17 de ago de 2015

JEAN BAUDRILLARD UM CRÍTICO DA SOCIEDADE DE CONSUMO

JEAN BAUDRILLARD SOCIÓLOGO E FOTÓGRAFO
BRASIL PAÍS DO SIMULACRO, REINO DO FAZ-DE-CONTA
"A Fotografia é nosso exorcismo. A sociedade primitiva tinha suas máscaras, a sociedade burguesa seus espelhos, nós temos nossas imagens. Nós acreditamos forçar o mundo pela técnica. Mas pela técnica é o mundo que se impõe a nós e o efeito da surpresa devido a essa reversão é considerável".
Jean Baudrillard

Photo by Alcyr Cavalcanti allrights reserved

O sociólogo, filósofo e fotógrafo francês Jean Baudrillard morreu no dia 06 de março de 2007. No dia 27 de julho estaria comemorando 87 anos. Em um país onde pessoas pagas pelo nosso dinheiro simulam que governam, mas de fato pouco se importam com a sociedade Baudrillard é mais atual do que nunca. Crítico da mídia, da sociedade de consumo e do espetáculo foi um dos intelectuais mais importantes das últimas décadas.
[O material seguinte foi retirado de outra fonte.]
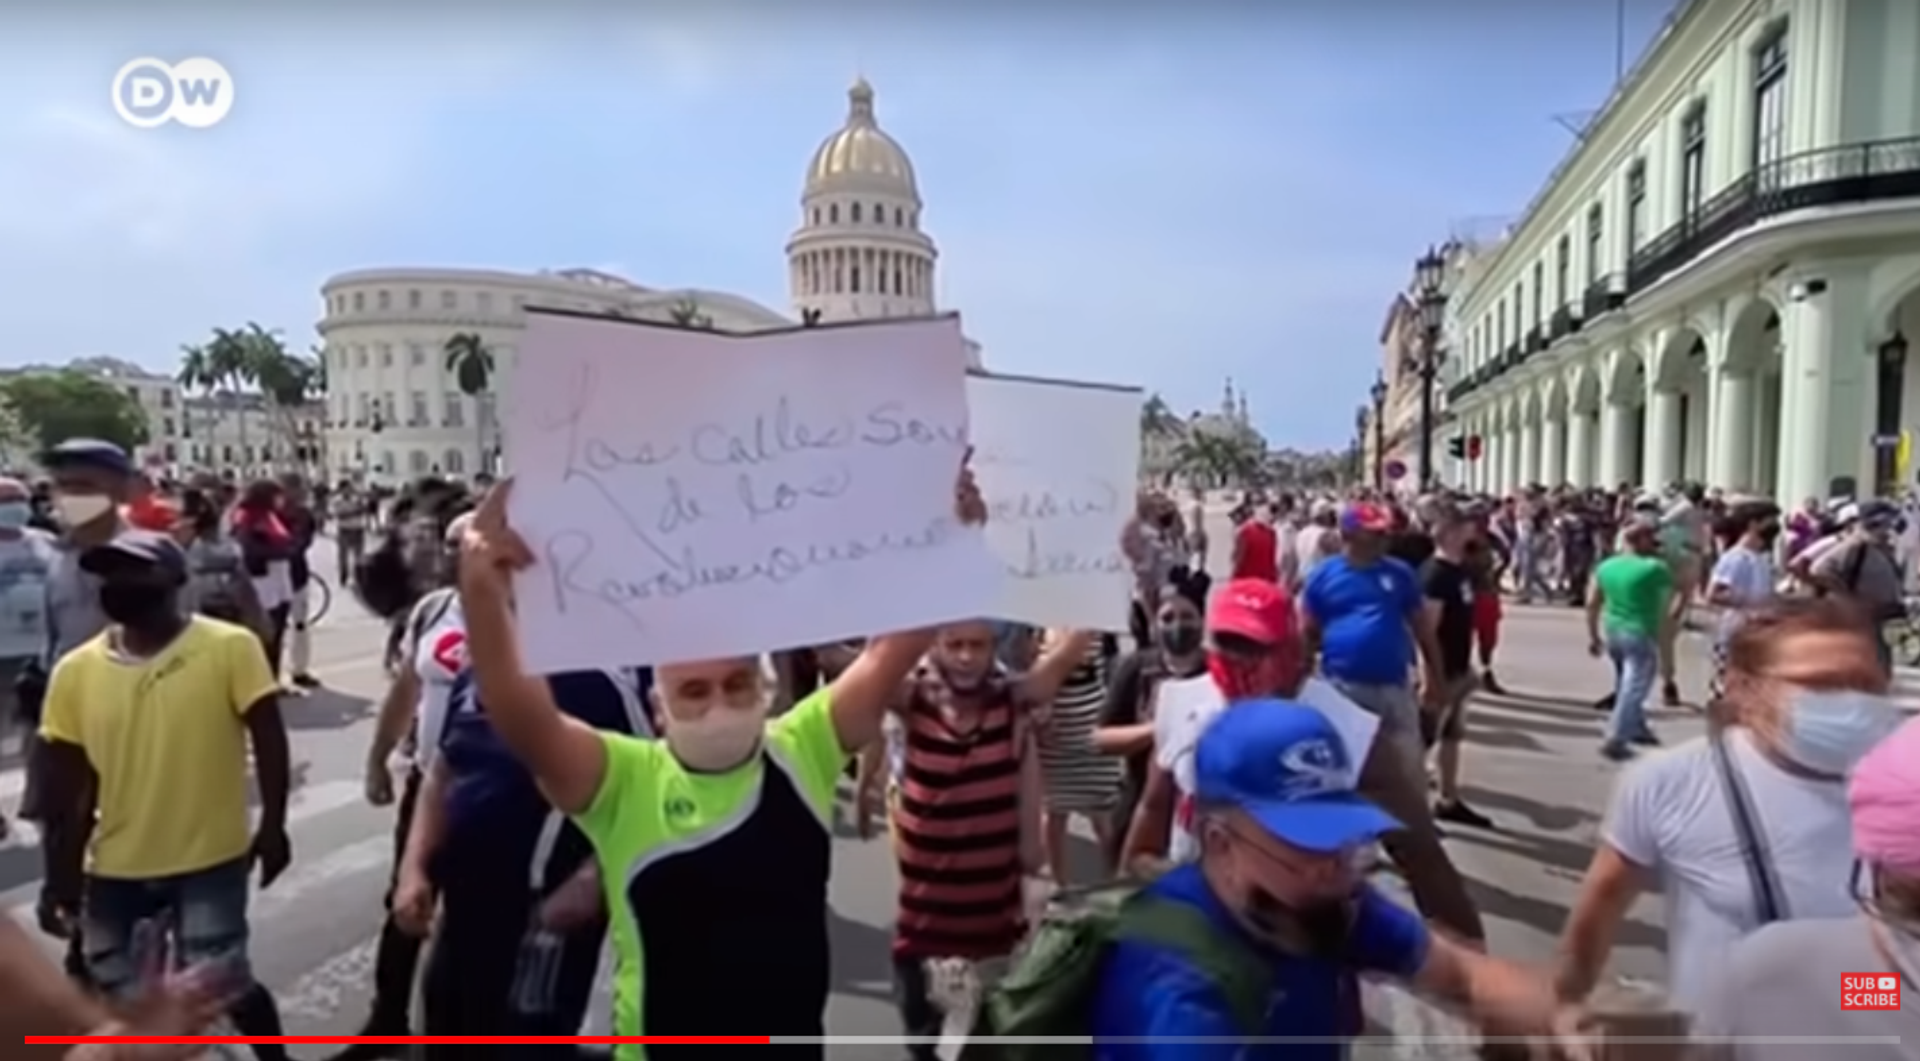 Screengrab of DW report on situation in Cuba, with posters carried by pro-government demonstrators left uncensored. - Sputnik International, 1920, 07.09.2021

Esteve no Brasil durante a "Eco 92" e  publicou vários livros entre eles "Simulacros e Simulações", "A Troca Impossível", "A Arte da Desaparição" e o polêmico "Power Inferno" sobre o atentado de 11 de Setembro . Sua obra influencia alguns cineastas, como os irmãos Wachowski na trilogia "Matrix" e Peter Weir no "Show de Truman". Ele acreditava que o excesso de informações transmitidas pelos meios de comunicação produzem uma erosão no sentido e um apagamento do mundo real. O mundo real é substituído pelo mundo dos simulacros, que são formas vazias, sem nenhum conteúdo, que nada significam.Para Baudrillard "O simulacro já não se trata apenas de imitação ou dobragem, mas por utilização dos elementos da realidade para simular situações reais, ultrapassando a fronteira do real e desconectando-se da realidade", o que já é chamado pelo autor de hiper-realidade. A tecnocracia e o império dos meios de comunicação acabam mergulhando as pessoas em um mundo virtual. Para ele o ser humano porta uma máscara, e o mais difícil a apreender não é a sua realidade nem a sua semelhança, é a sua máscara, ou seja sua identidade secreta. Em seus escritos ele analisa a imagem fotográfica, para ele dramática pelo seu silêncio, pela sua imobilidade.  O pensador francês procurava refletir por caminhos tortuosos, lançava mão de fragmentos onde o paradoxo era mais importante que o discurso linear, e afirmava: "Eu examino a vida que acontece no momento, da mesma forma que um fotógrafo".